Oh, you lucky people, you get a completely random wander through the cobwebby corners of my mind!
I was driving to the Dept of Driver Services (known in most other US States as the DMV or Department of Motor Vehicles) to drop off some paperwork for my DH because they're only open Tues-Fri and those are the days he has to work, so...anyway.
I was driving, as one does, and I was thinking about the other errands I had to run (PO for stamps, grocery store for milk) and when I had run out of those I just let my mind wander randomly through things, again, as one does. And it's kind of a mishmash in there -- I tend to click on random links via Twitter, Tumblr, and Facebook, and I accidentally follow a number of fandoms via Tumblr (srsly. I do not watch Teen Wolf, Supernatural, or Leverage, but they make up about 65% minimum of the non-hockey stuff I see on Tumblr. I don't mind; I'm interested enough to care what happens to the characters but not interested enough to actually watch the shows). And then "I Won't Say I'm in Love," the song from Disney's Hercules, came on my iPod, and a couple of things kind of started slotting together and...
Welp.
Like I said, it's cobwebby and a bit weird in here, and someone else somewhere else has probably said the same things better than my sleep-deprived brain, but...

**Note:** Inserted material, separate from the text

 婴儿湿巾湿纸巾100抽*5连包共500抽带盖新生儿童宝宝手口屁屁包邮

There are certain things that seem to happen with an almost predictable regularity within the community of romance readers -- someone getting bent out of shape over less-than-stellar reviews, for instance. One of the ones that I notice the most in a direct way is when someone somewhere gets a Holier-than-thou over readers of romance, proceeds to make sweeping statements about us and the authors we love, and generally turns it into the butt of an unspecified but unnecessary number of jokes.

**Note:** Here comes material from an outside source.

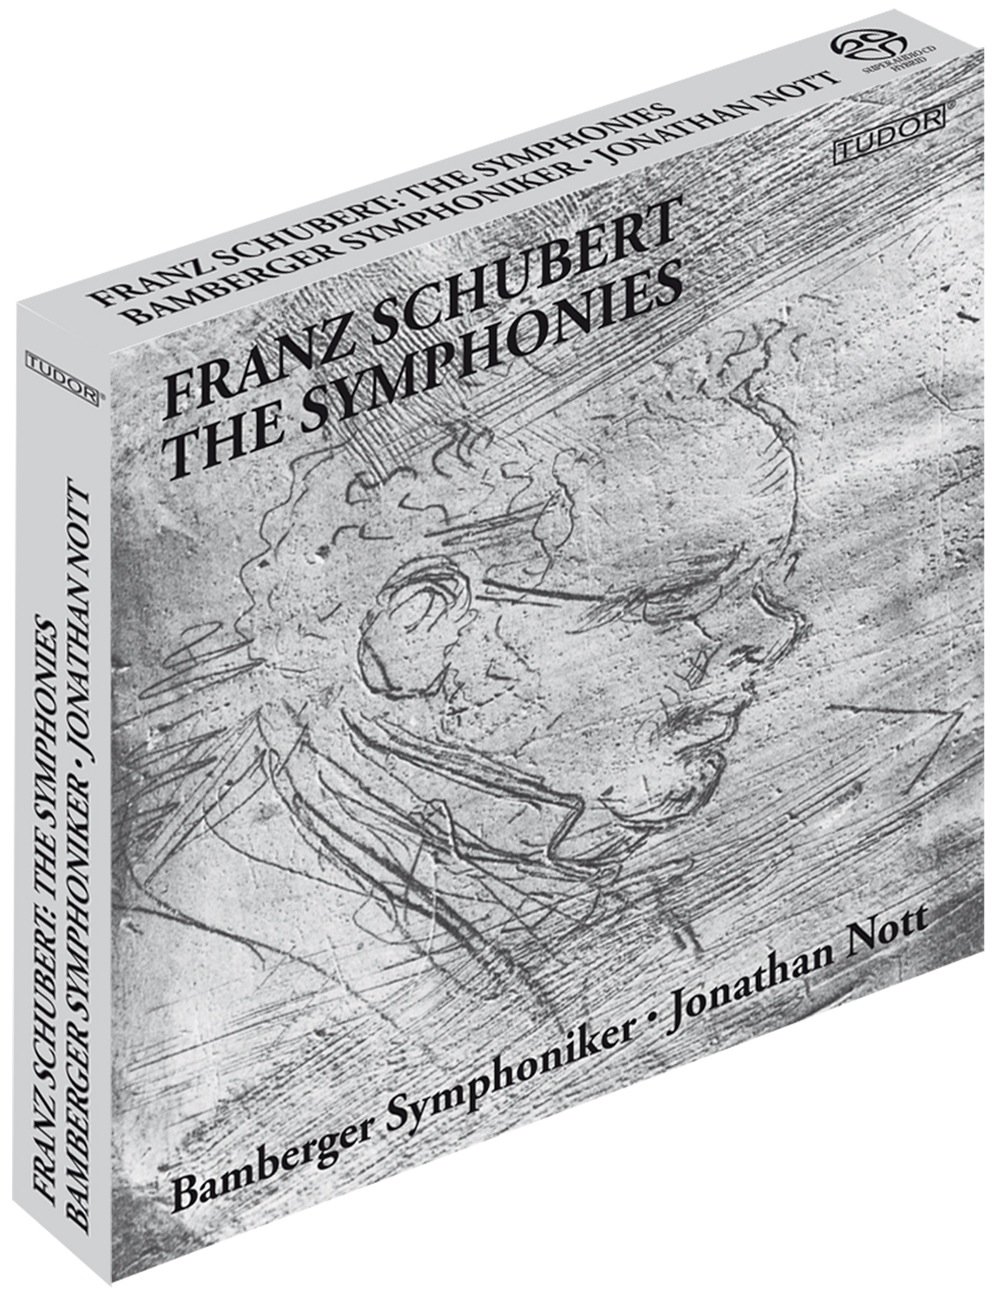 Audio Cd Franz Schubert - Sinfonie (integrale) (4 Cd) NUOVO SIGILLATO, EDIZIONE DEL 27/01/2000 SUBITO DISPONIBILE

And then I thought about Hercules, and any number of other movies, Disney and otherwise, that really didn't need to have romance in them, and would in fact have been just as good, if not better, had they not taken that direction at all. Does Hercules really need to have a crush on Megara (or her back at him) in order for him to feel like what happened to her was wrong, and she deserves better? Nope, not really... And how many other movies can that apply to? Does Ariel really *have* to marry Eric in order to experience life as a human? Does it all have to be about Twu Wuv?
Is it really fair of us to spoon-feed this idea of romance to children from a young age, then turn around and tell them they're stupid for believing it? We saturate our kids with media presenting certain images of life and behavior and basically tell them "This is what you should be striving for" and then turn around and tell them that those things are wrong or bad or dangerous or stupid. And it's really hard, unless you're a super-fundamentalist who avoids the entire outside world, to *not* expose your kids to some level of this. And even talking frankly and openly about it can only help so much -- if they're getting one thing from you and something different from every single other direction in their lives outside of you, is it going to be enough?
And yet we continue to read and love and champion romance, because in the end, it's about all kinds of love, and humanity is made up of all the different kinds of love we can gather to ourselves.